**Directions:** Every record below is to be restated verbatim, though its images are not.

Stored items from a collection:
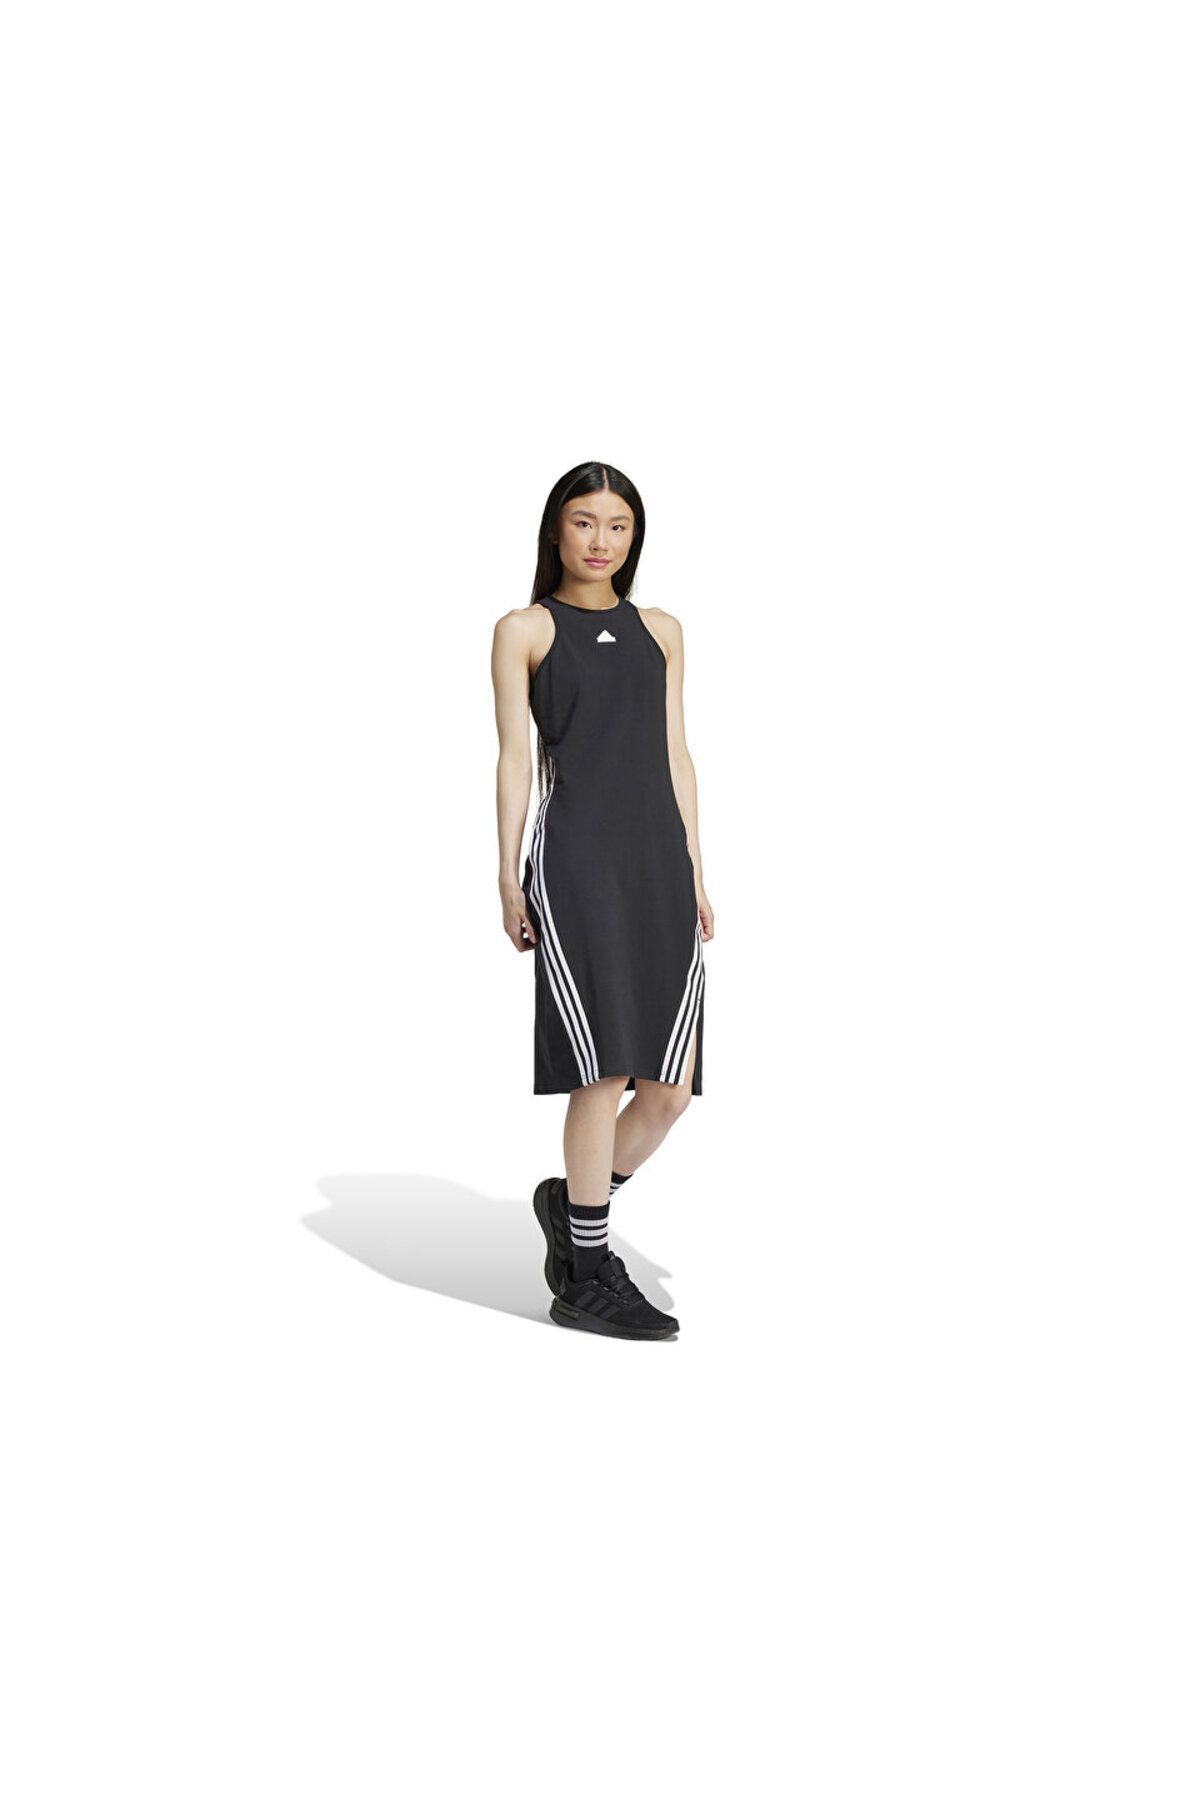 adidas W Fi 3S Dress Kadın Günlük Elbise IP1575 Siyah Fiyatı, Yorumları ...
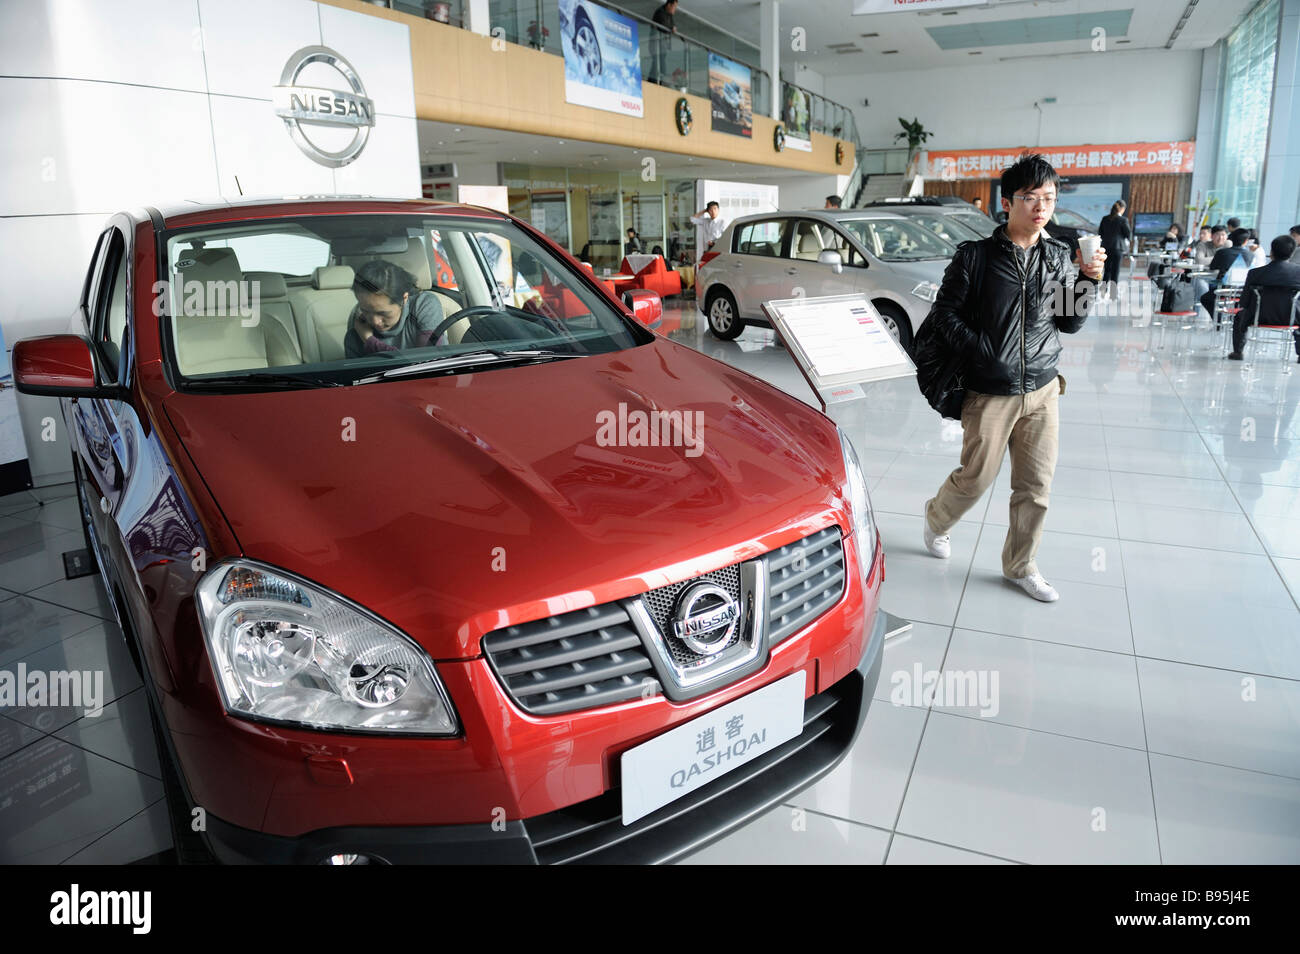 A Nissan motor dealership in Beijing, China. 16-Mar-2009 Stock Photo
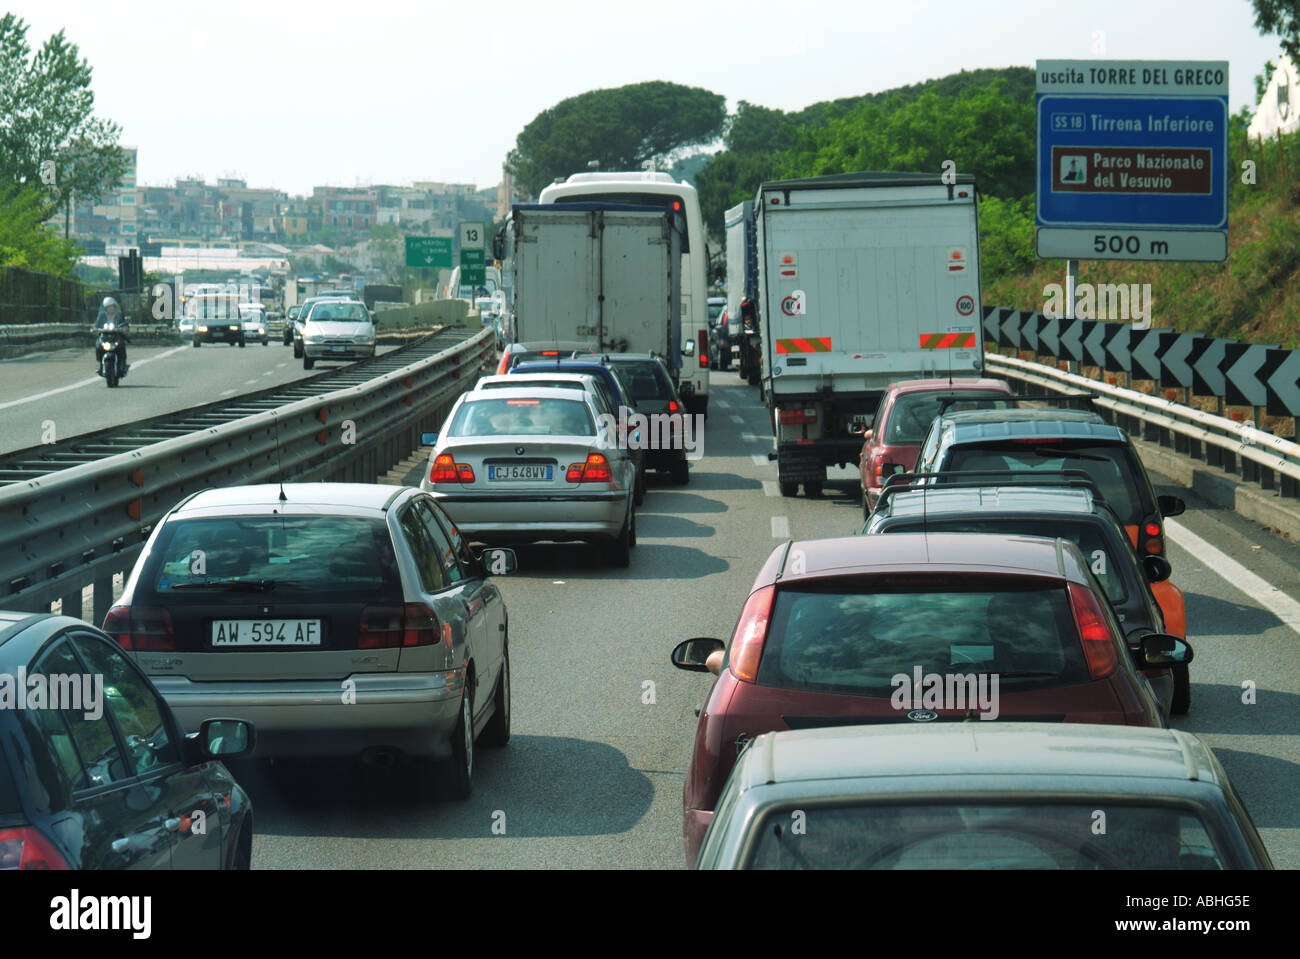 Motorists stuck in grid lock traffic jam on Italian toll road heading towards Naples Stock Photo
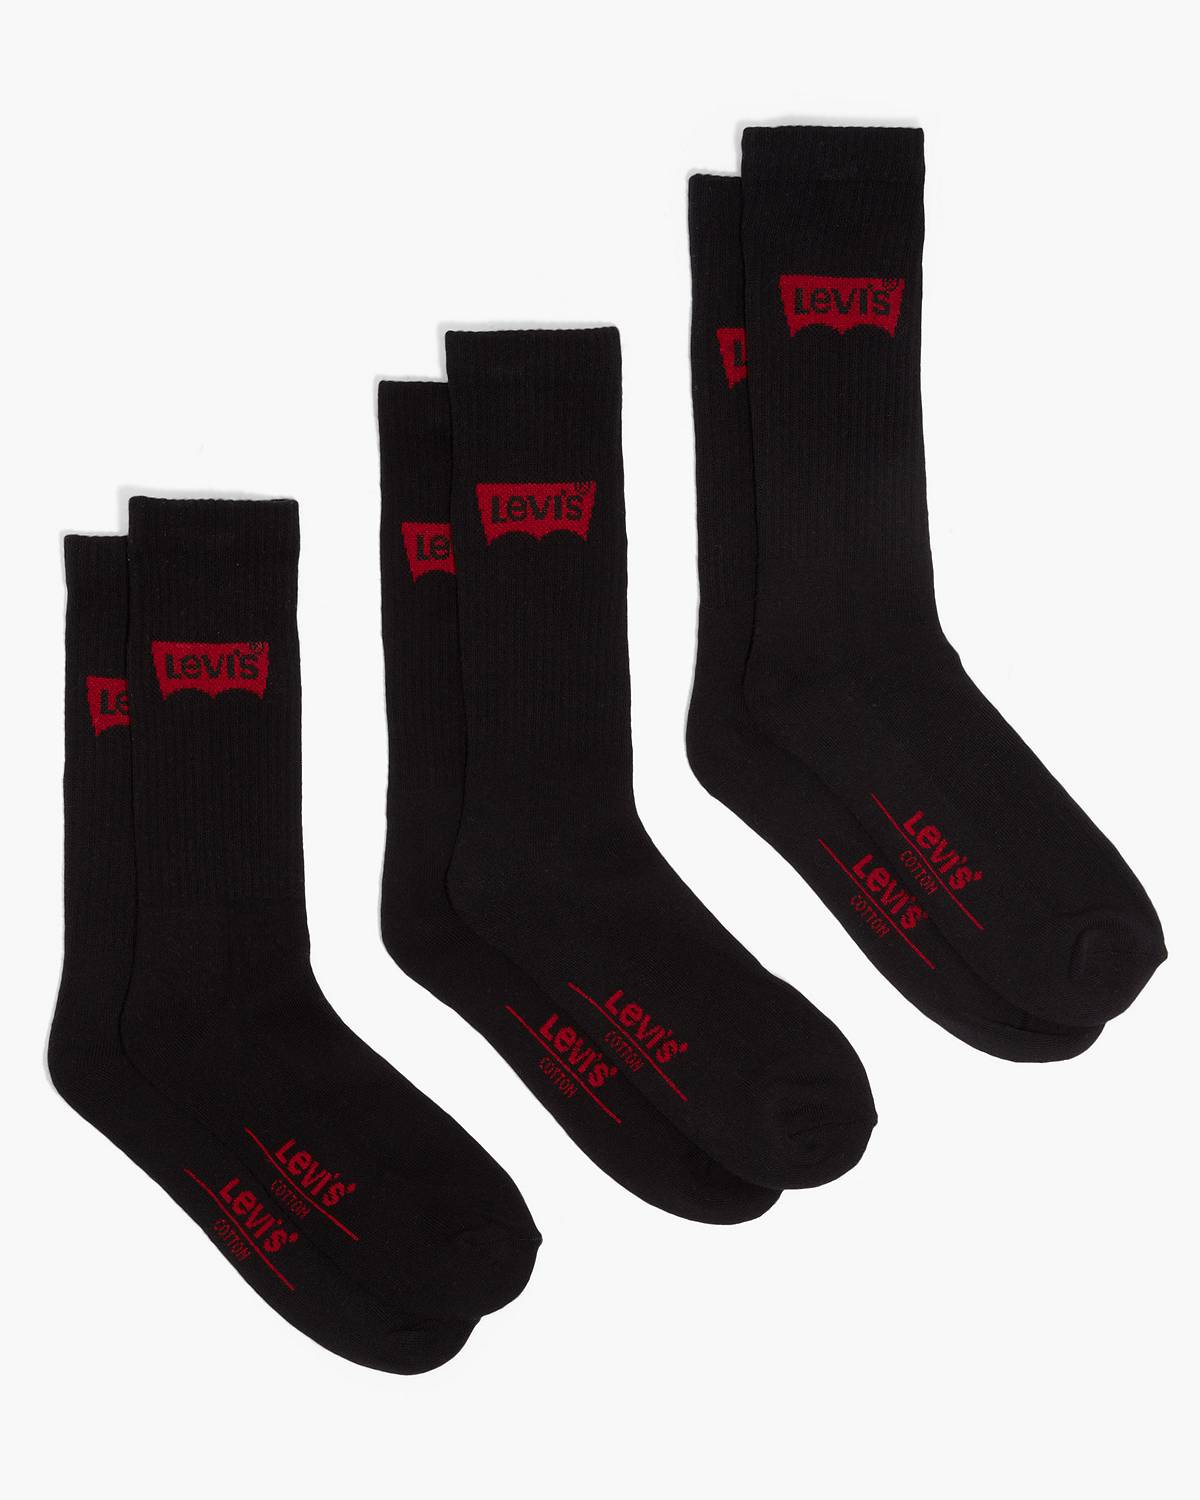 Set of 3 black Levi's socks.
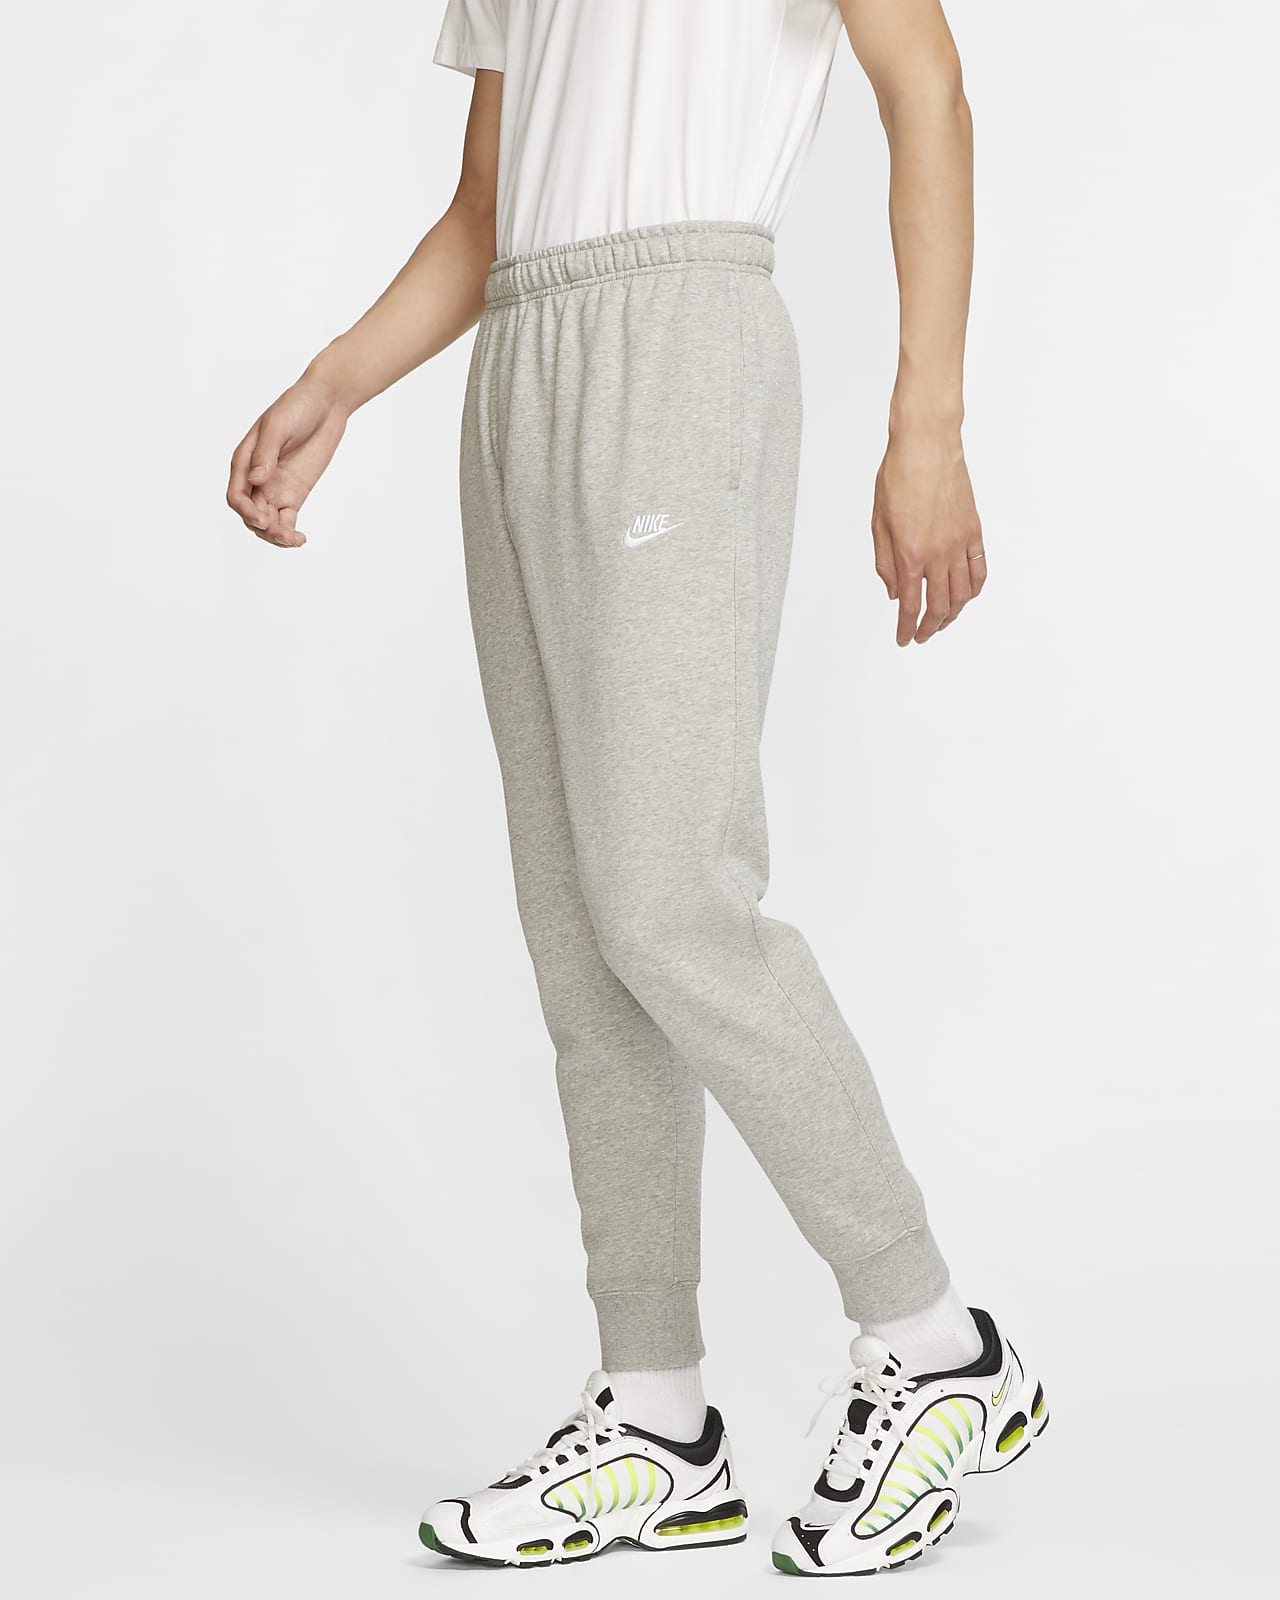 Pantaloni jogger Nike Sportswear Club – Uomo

**Finished task:**
 adidas W Fi 3S Dress Kadın Günlük Elbise IP1575 Siyah Fiyatı, Yorumları ...
 A Nissan motor dealership in Beijing, China. 16-Mar-2009 Stock Photo
 Motorists stuck in grid lock traffic jam on Italian toll road heading towards Naples Stock Photo
 Set of 3 black Levi's socks.
 Pantaloni jogger Nike Sportswear Club – Uomo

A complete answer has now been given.